First, if the tainted data never gets into the store, you don't have to worry about scrubbing it out. For instance, sensitive information can be isolated in a key value store; references to that data in the event store are always by surrogate key. When you need to scrub, the data in the key value store is nuked, you have a bunch of events that point to something no longer readable, and you just need to ensure that your read models can continue to function if the referenced data is not available.
If the data does need to get into the event store -- because it's needed to maintain the integrity of the domain model -- then the idea of "aggregates" may be able to help.
Aggregates is an idea taken from ddd, the basic idea is that your domain can be decomposed into elements that don't need to share data directly.

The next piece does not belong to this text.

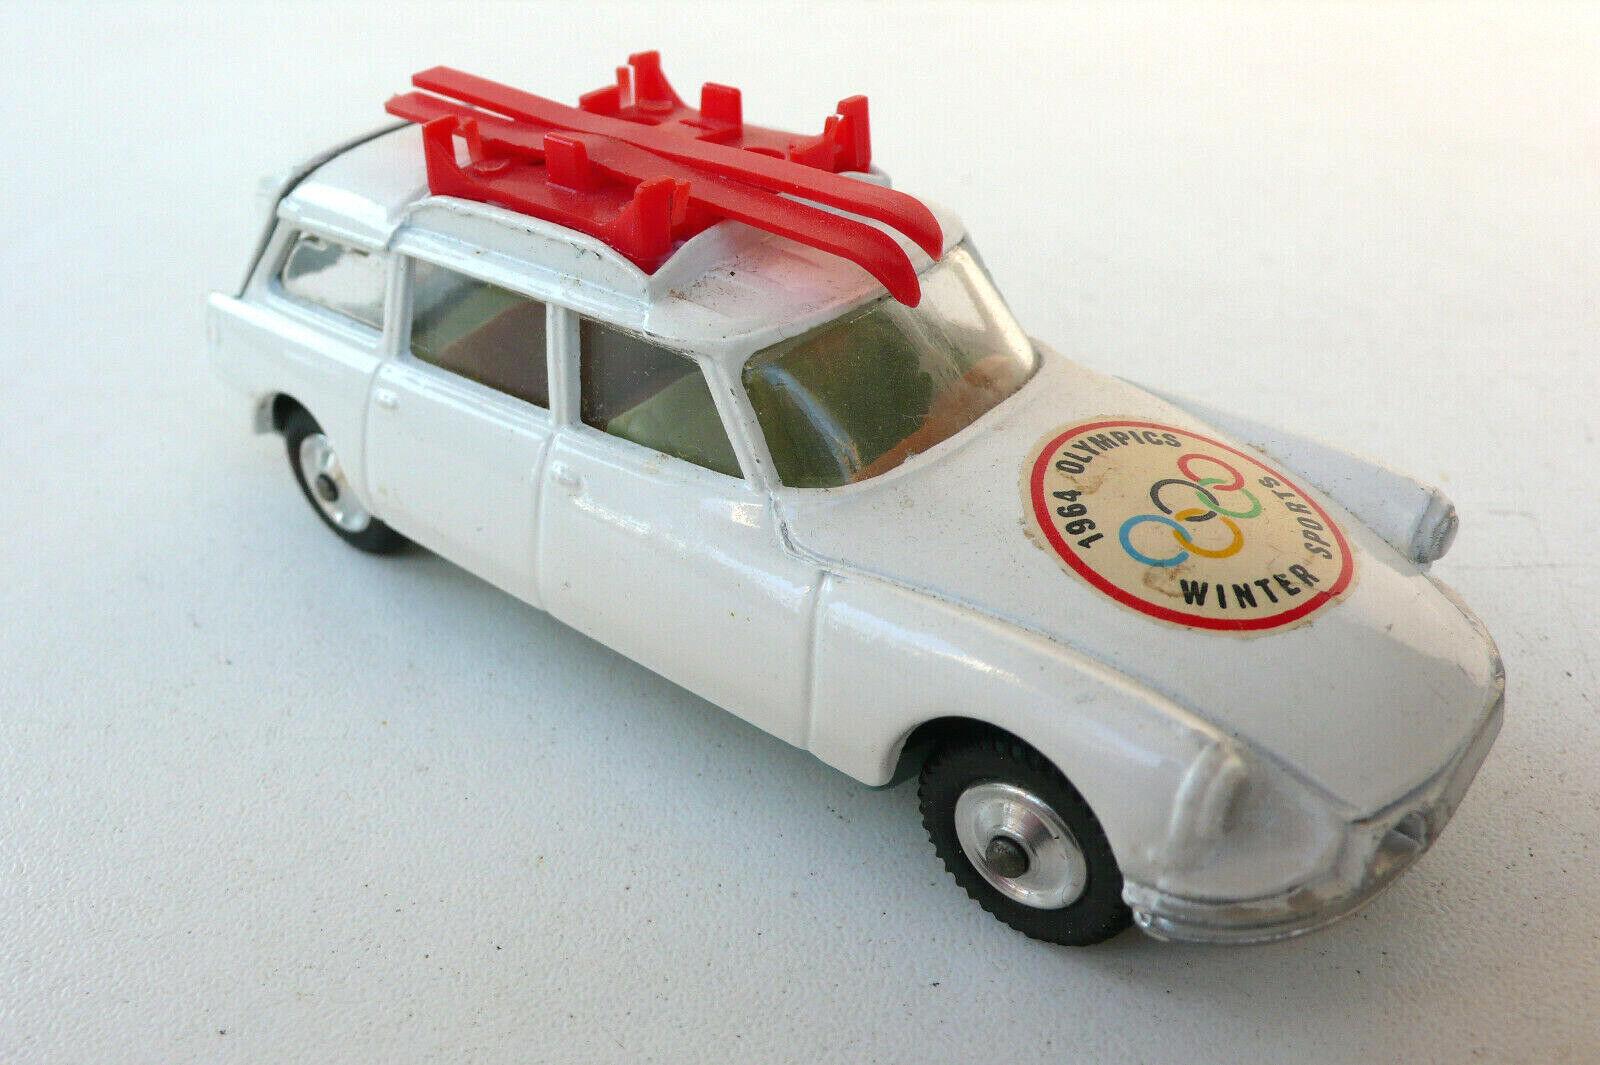 servicio considerado CORGI TOYS TOYS TOYS   CITROEN DS SAFARI    OLYMPICS WINTER SPORTS 1964   BON ÉTAT  Entrega rápida y envío gratis en todos los pedidos.

On aggregate never references data within another directly; instead you use indirect references by ID; the ID itself being another surrogate key.
Since these aggregates are isolated from each other, they can have their own event history. In which case you can scrub the tainted data by simply eliminating any aggregates that have been contaminated. You just delete the event streams.
A response like this doesn't put you in a corrupted state, just an inconsistent one. Everything still runs, there's just a bunch of data missing.
There's also the weapon of a "compensating event" available in the toolkit; you might be able to introduce a new stream of events that brings the system back to a consistent state. For example, if scrubbing a bunch of transactions takes the books out of balance, you may be able to publish an event that creates a charge against iCouldTellYouButThen....
Upvotes: 2